PROVIDED DATA ->

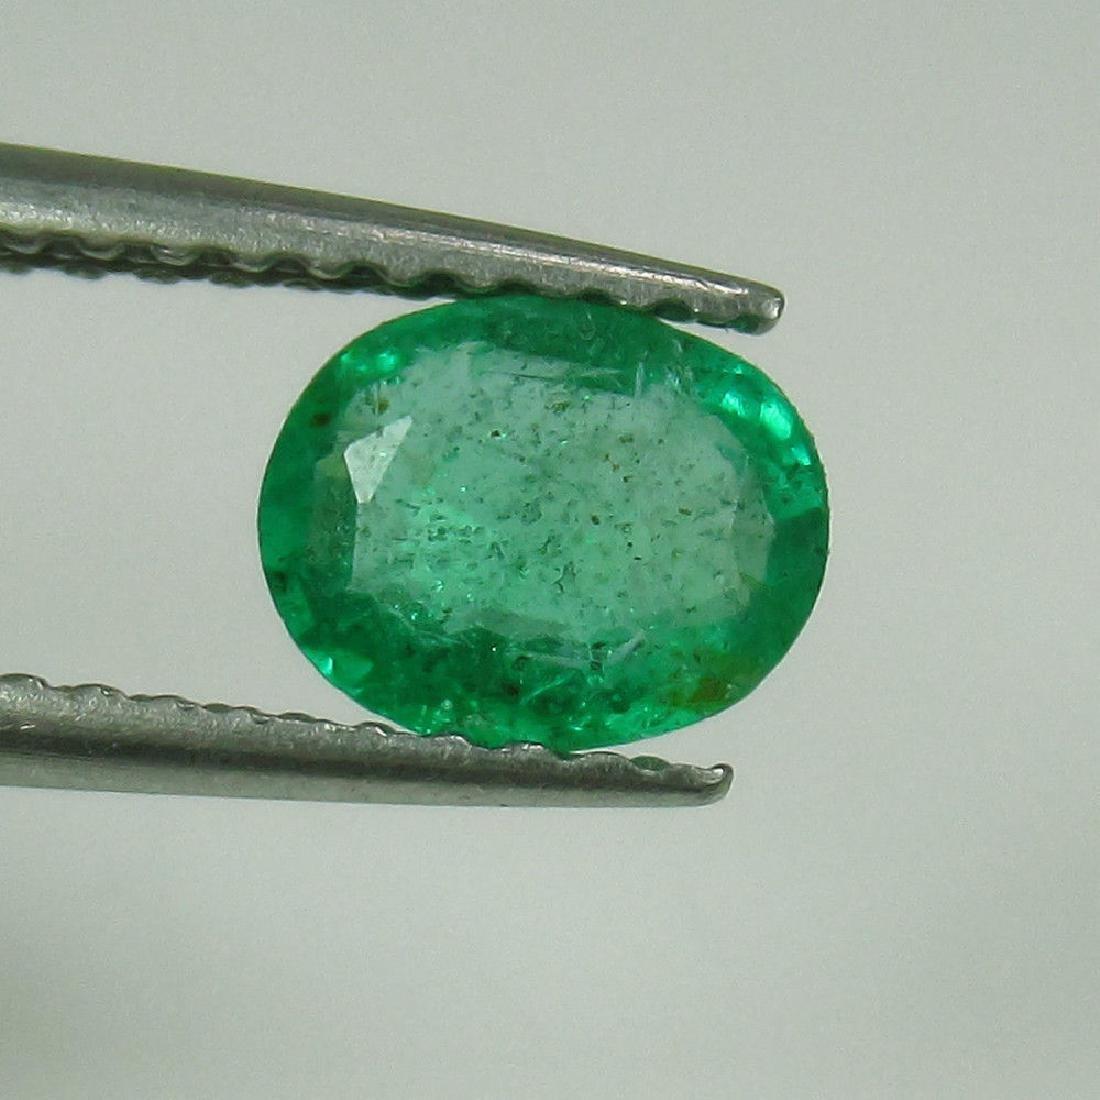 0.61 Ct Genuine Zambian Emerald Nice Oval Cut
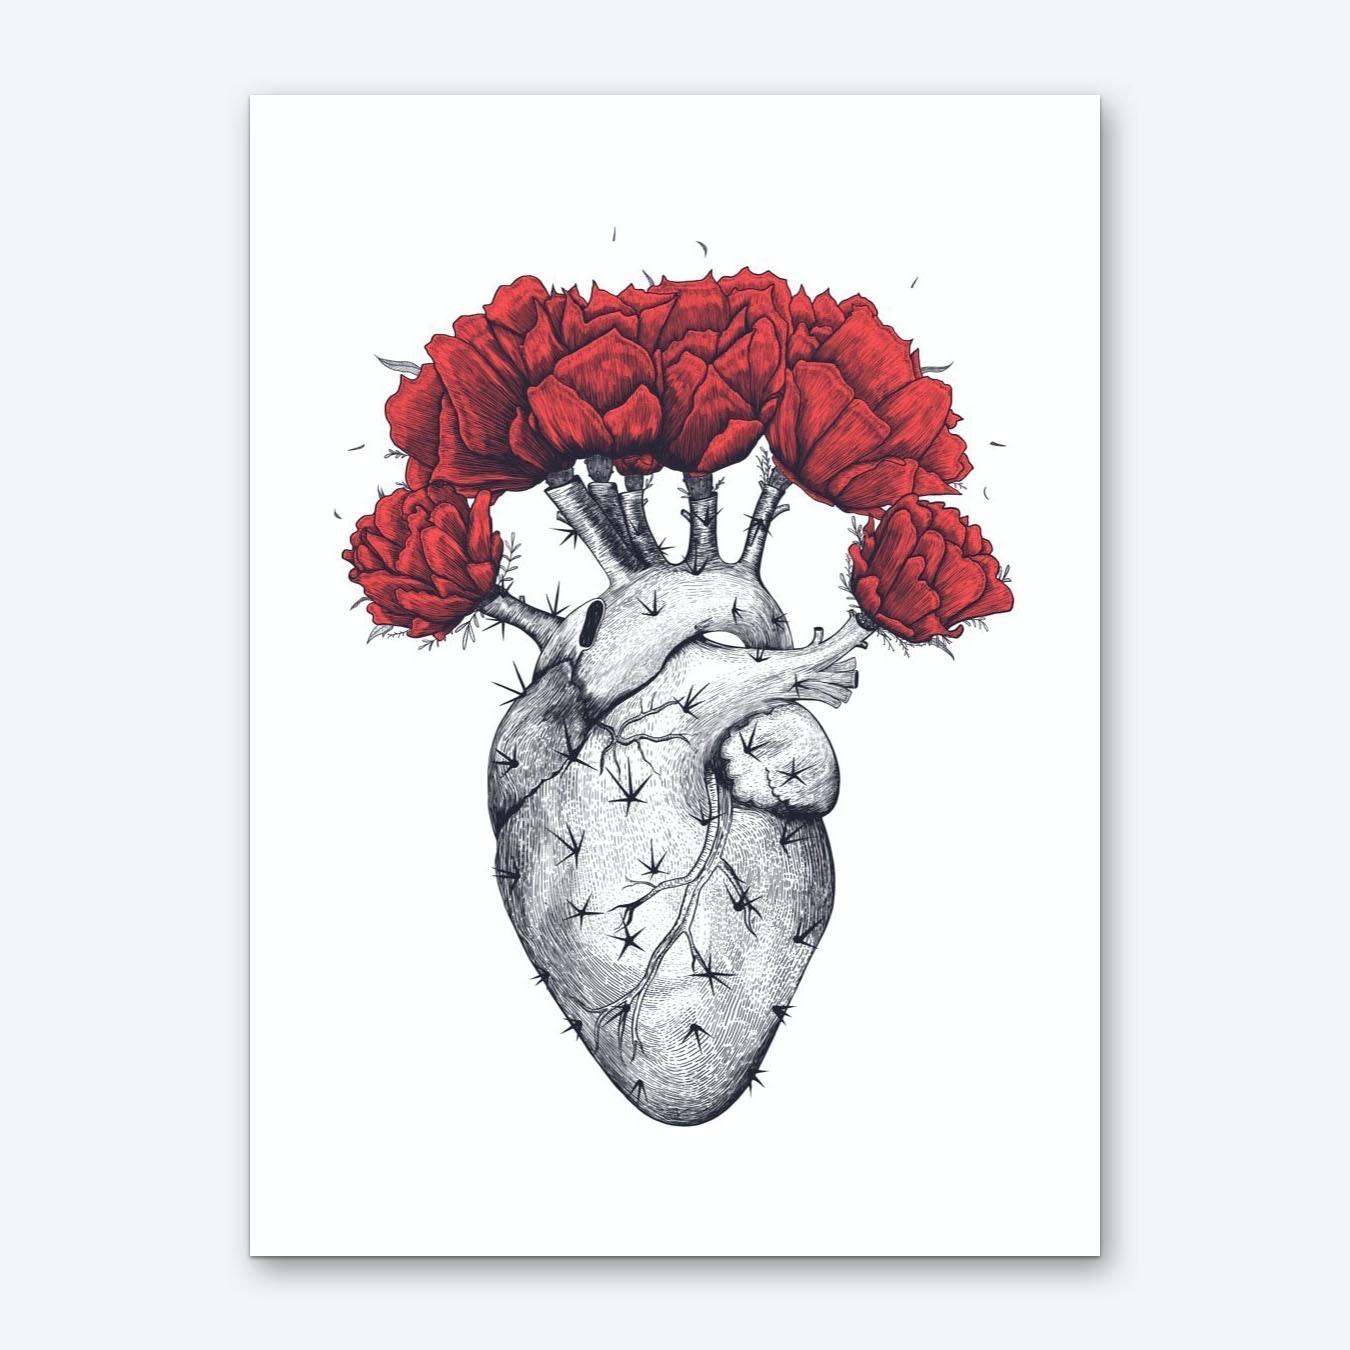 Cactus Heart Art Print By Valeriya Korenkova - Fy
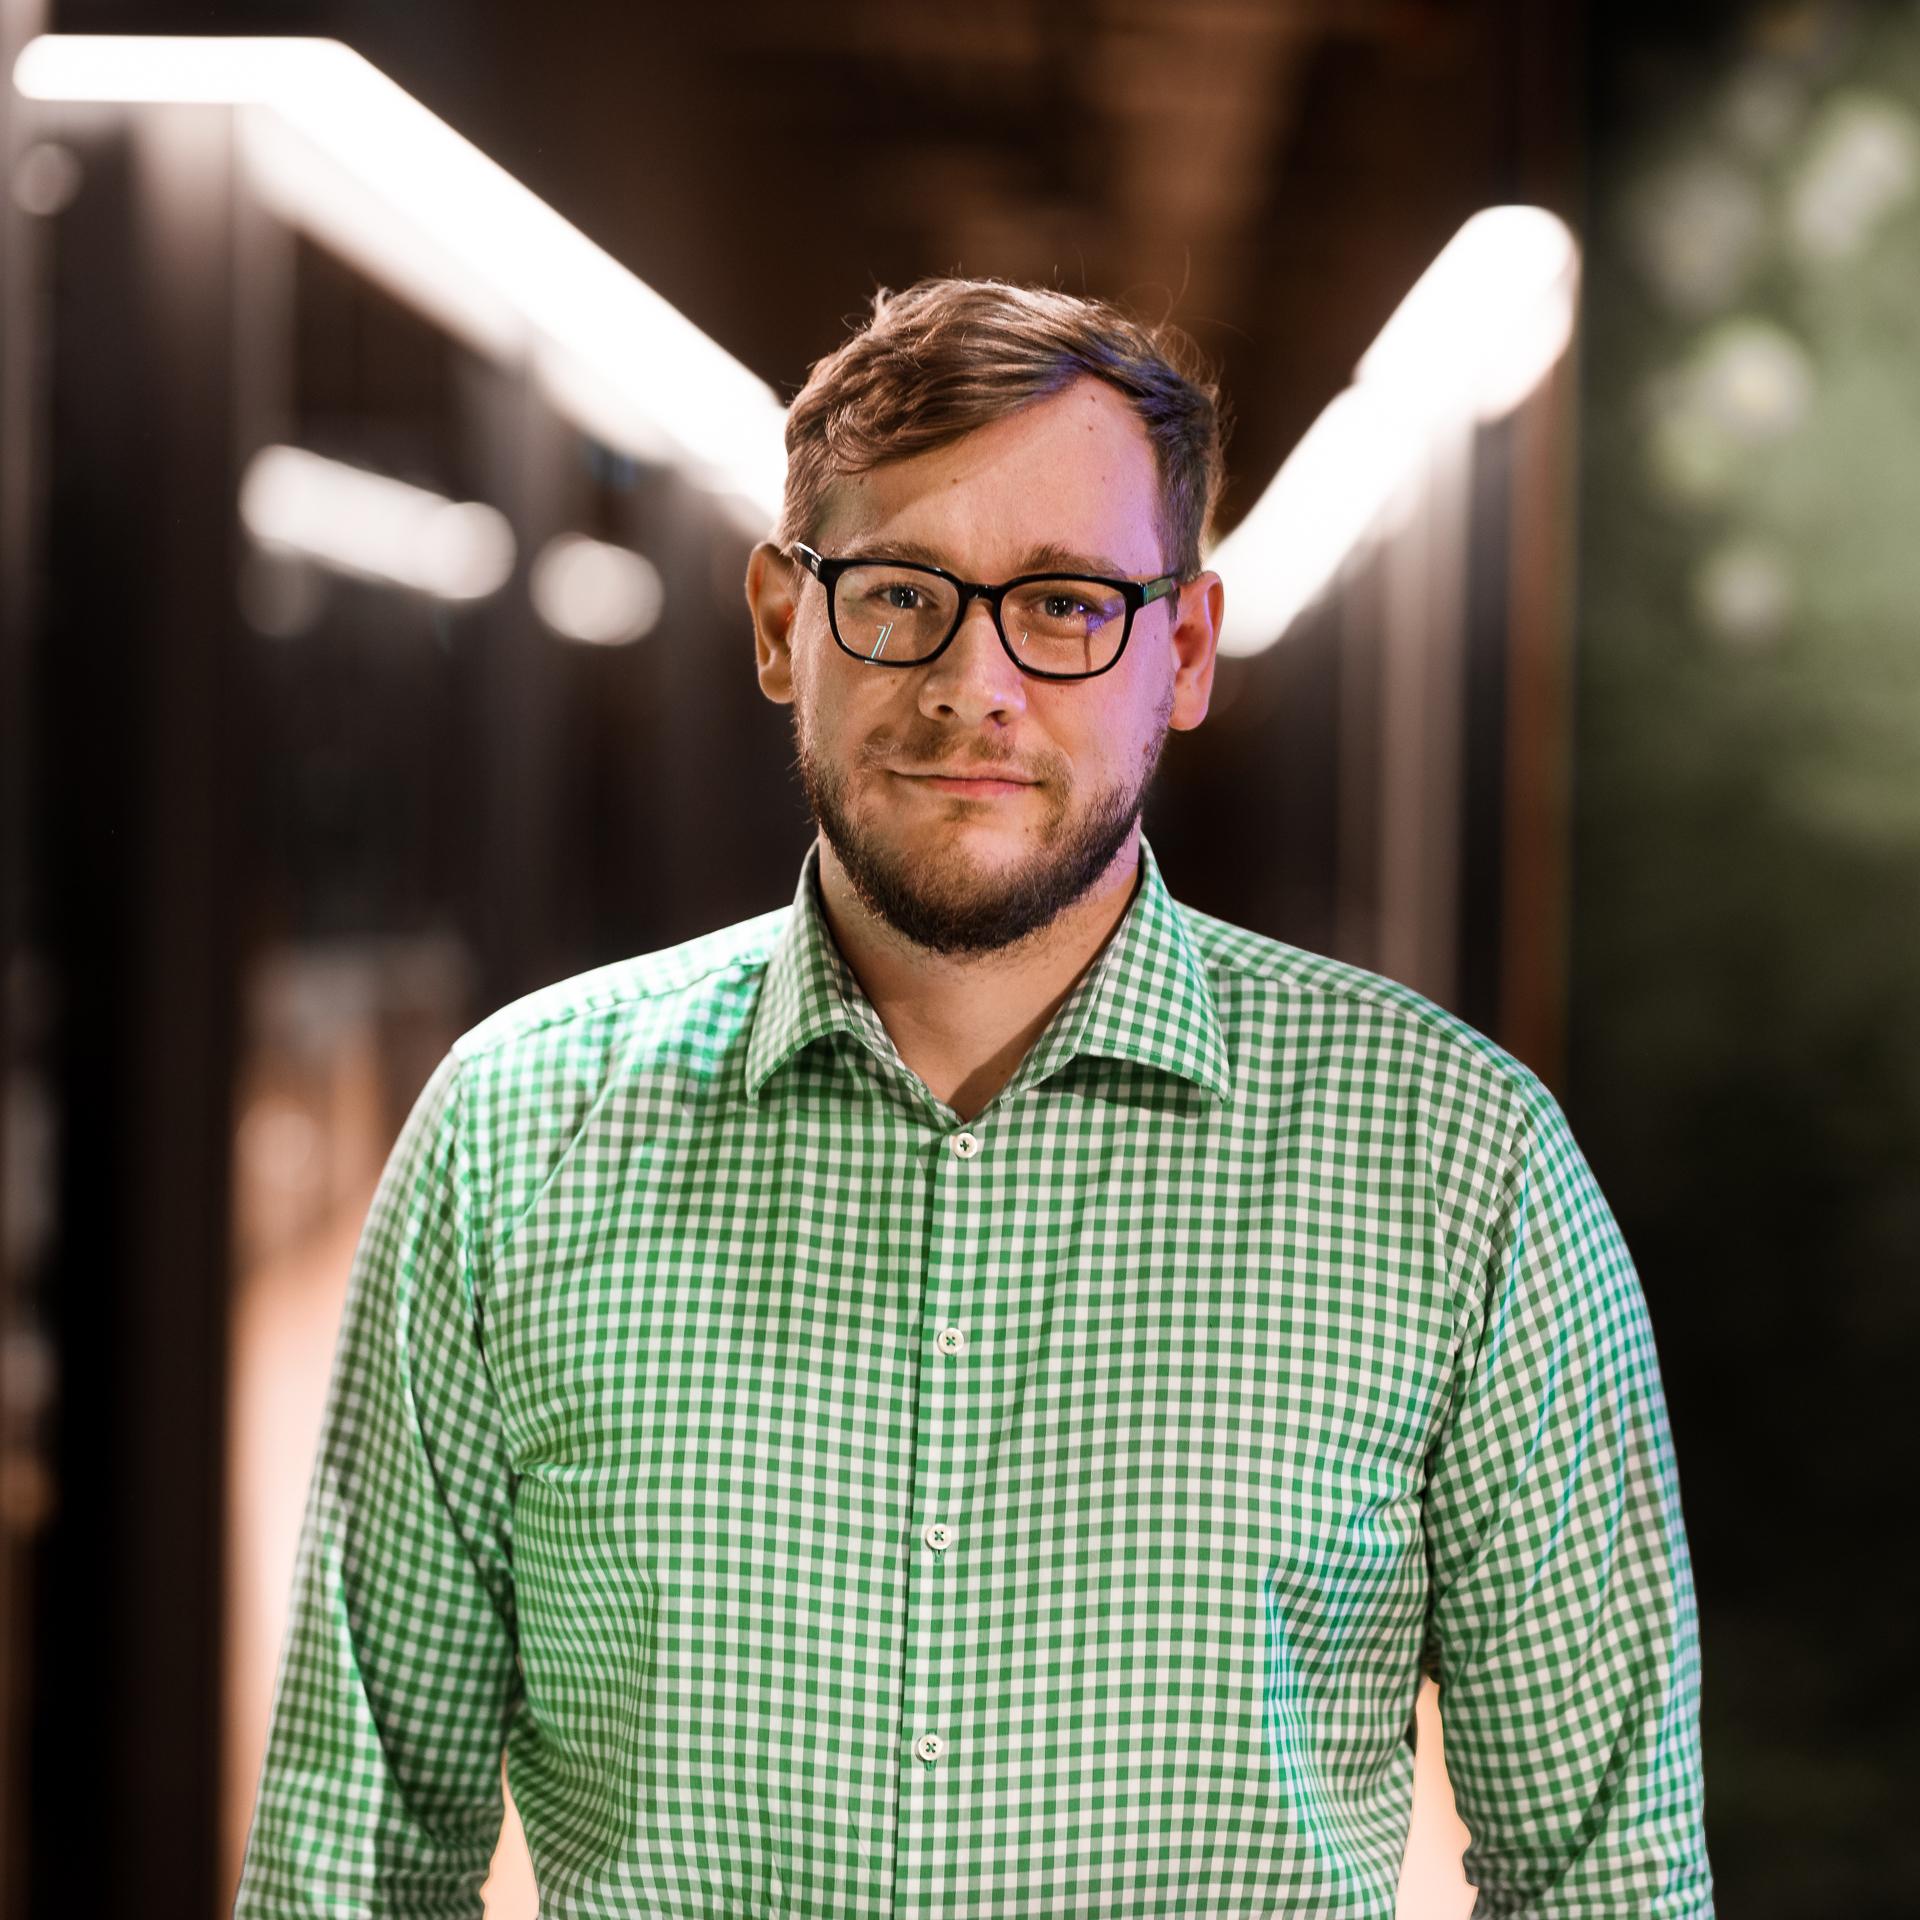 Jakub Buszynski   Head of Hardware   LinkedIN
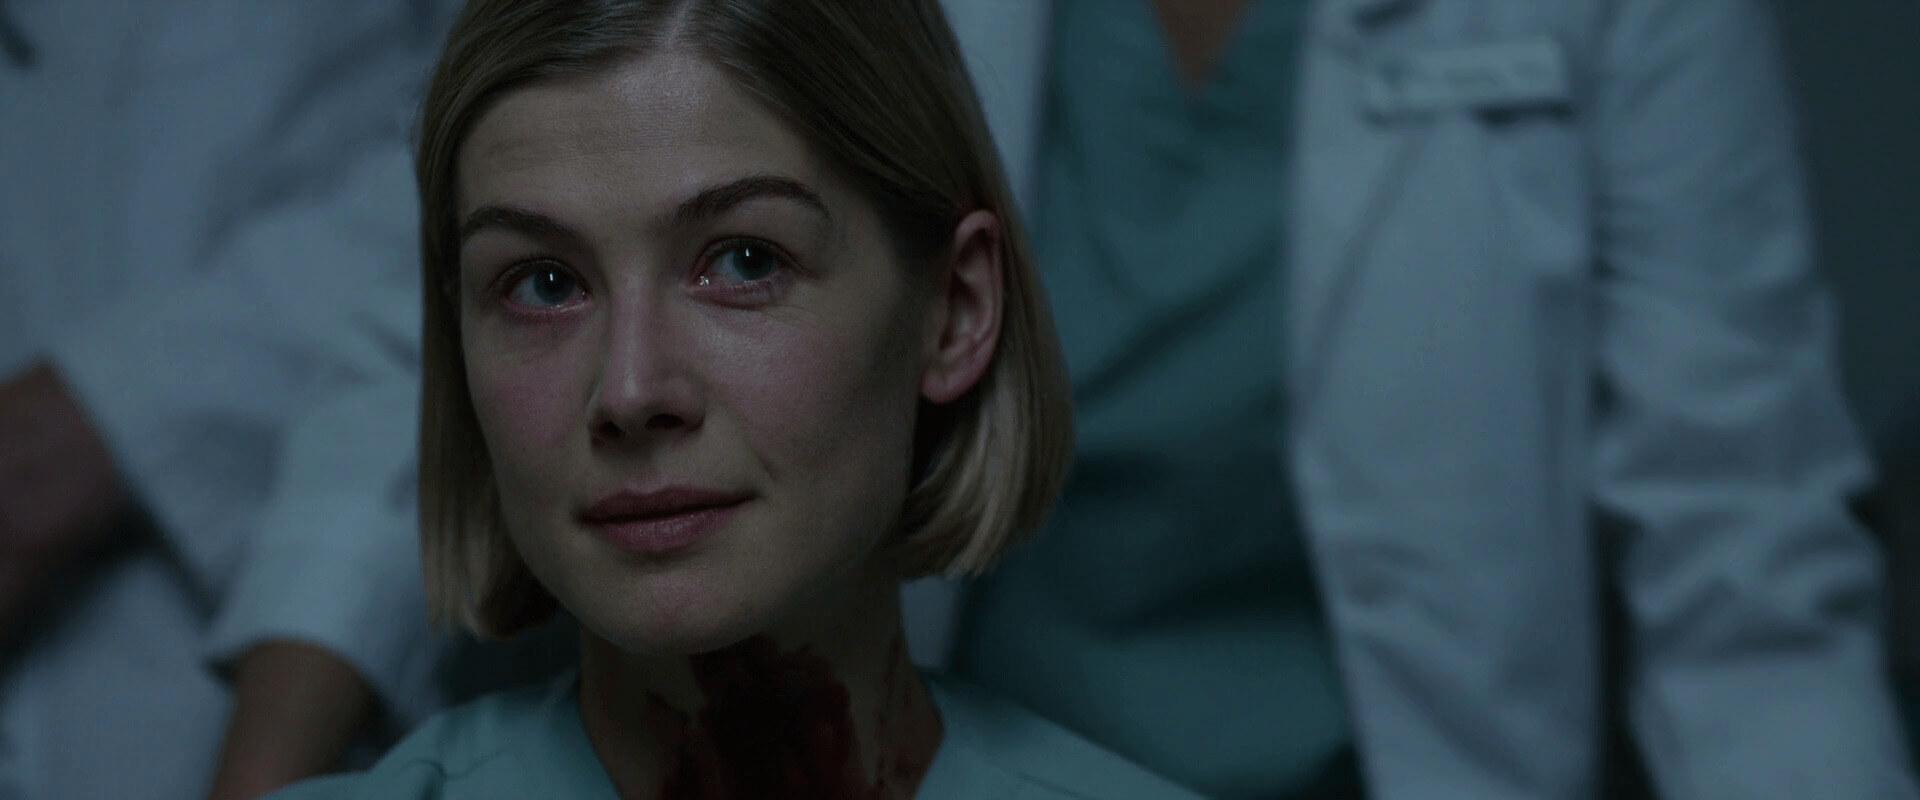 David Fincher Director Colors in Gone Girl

TASK BRIEF ->
Print the material word for word; images are to be left out.

EXERCISE RESULT ->
 0.61 Ct Genuine Zambian Emerald Nice Oval Cut
 Cactus Heart Art Print By Valeriya Korenkova - Fy
 Jakub Buszynski   Head of Hardware   LinkedIN
 David Fincher Director Colors in Gone Girl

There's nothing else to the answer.